From: Jonathan Corbet <corbet@lwn.net>
To: Mauro Carvalho Chehab <mchehab+huawei@kernel.org>,
Linux Doc Mailing List <linux-doc@vger.kernel.org>
Cc: Mauro Carvalho Chehab <mchehab+huawei@kernel.org>,
"Gustavo A. R. Silva" <mchehab+huawei@kernel.org>,
Mauro Carvalho Chehab <mchehab+huawei@kernel.org>,
Kees Cook <mchehab+huawei@kernel.org>,
linux-hardening@vger.kernel.org, linux-kernel@vger.kernel.org
Subject: Re: [PATCH v2 09/39] scripts/kernel-doc.py: add a Python parser
Date: Mon, 24 Feb 2025 16:38:58 -0700 [thread overview]
Message-ID: <87v7sy29rh.fsf@trenco.lwn.net> (raw)
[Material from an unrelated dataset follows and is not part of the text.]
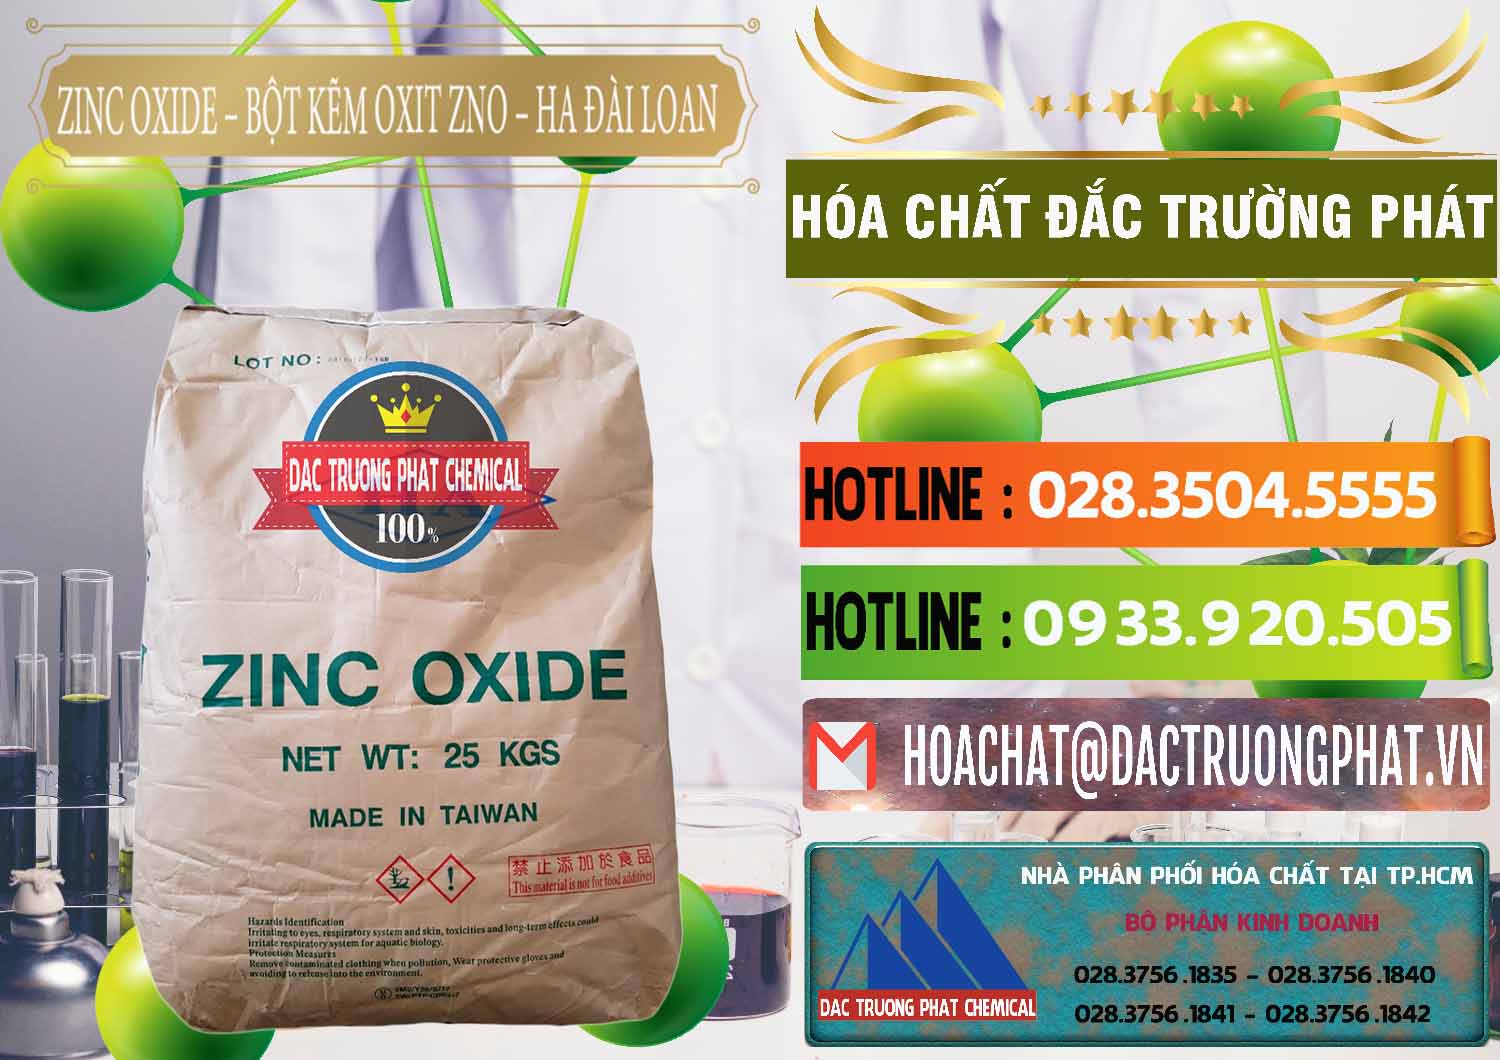 Cty chuyên nhập khẩu và bán Zinc Oxide - Bột Kẽm Oxit ZNO HA Đài Loan Taiwan - 0180 - Đơn vị kinh doanh - cung cấp hóa chất tại TP.HCM - cungcaphoachat.com.vn
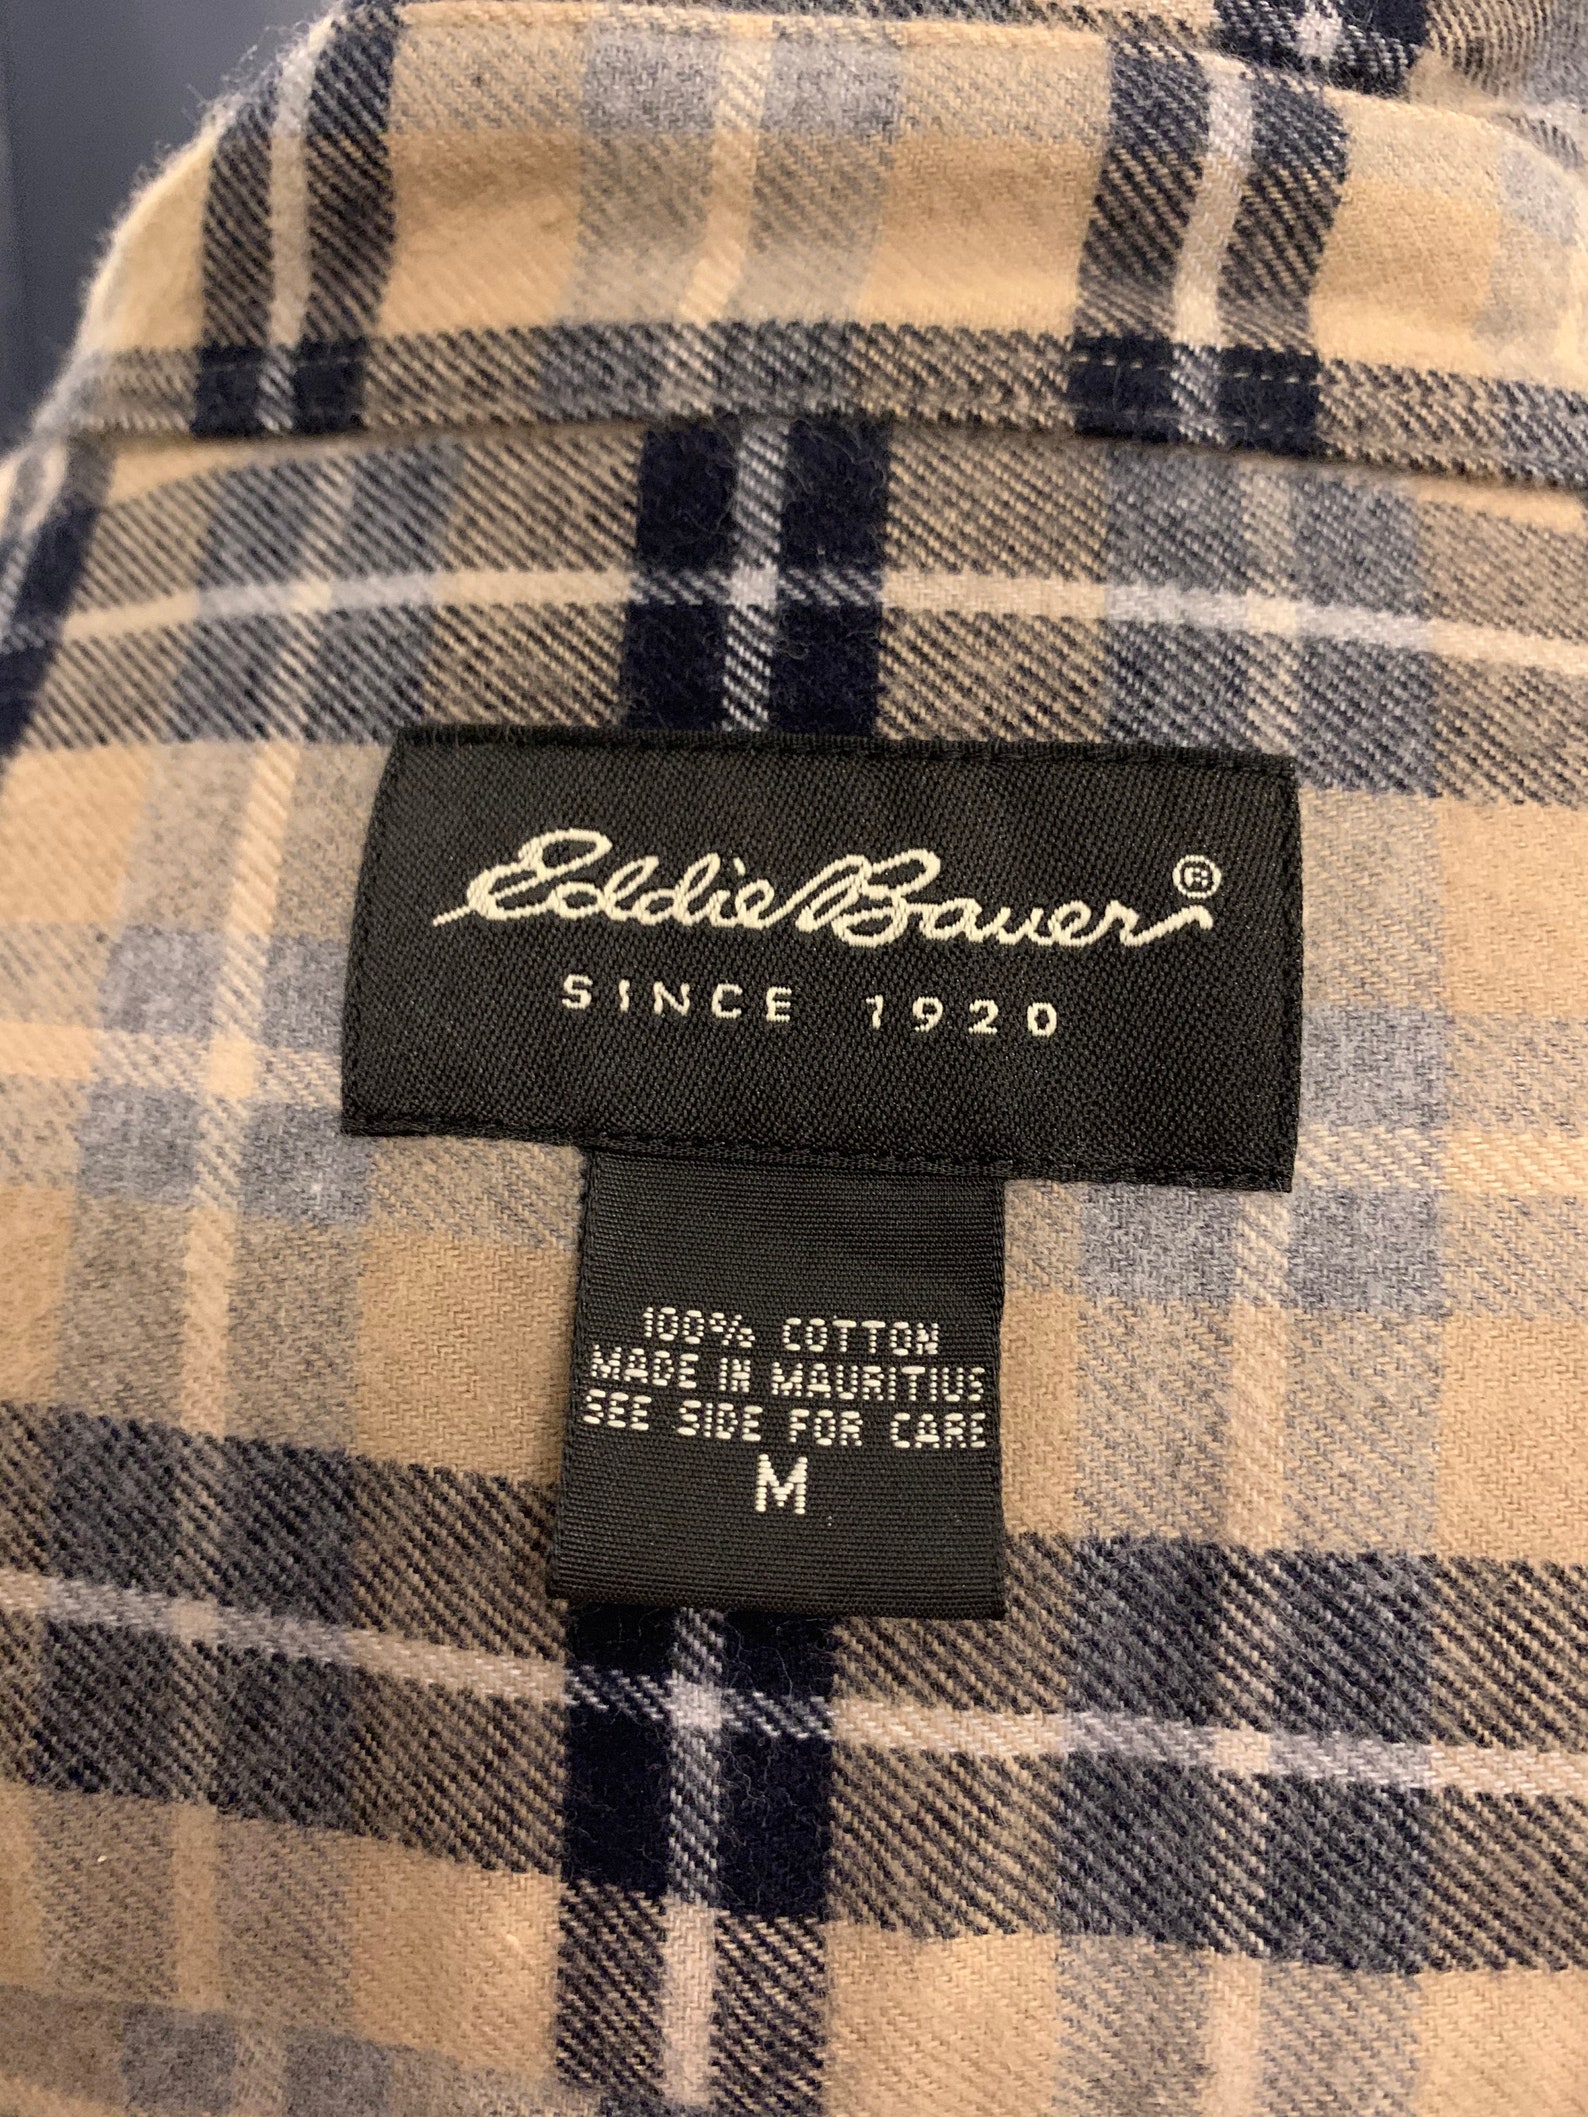 EDDIE BAUER Vintage Beige PLAID Shirt Size M - Etsy

In-Reply-To: <3905b7386d5f1bfa76639cdf1108a46f0bccbbea.1740387599.git.mchehab+huawei@kernel.org>
Mauro Carvalho Chehab <mchehab+huawei@kernel.org> writes:
> Maintaining kernel-doc has been a challenge, as there aren't many
> perl developers among maintainers. Also, the logic there is too
> complex. Having lots of global variables and using pure functions
> doesn't help.
>
> Rewrite the script in Python, placing most global variables
> inside classes. This should help maintaining the script in long
> term.
[...]
> diff --git a/scripts/kernel-doc.py b/scripts/kernel-doc.py
> new file mode 100755
> index 000000000000..5cf5ed63f215
> --- /dev/null
> +++ b/scripts/kernel-doc.py
> @@ -0,0 +1,2757 @@
> +#!/usr/bin/env python3
> +# pylint: disable=R0902,R0903,R0904,R0911,R0912,R0913,R0914,R0915,R0917,R1702
> +# pylint: disable=C0302,C0103,C0301
> +# pylint: disable=C0116,C0115,W0511,W0613
> +# Copyright(c) 2025: Mauro Carvalho Chehab <mchehab@kernel.org>.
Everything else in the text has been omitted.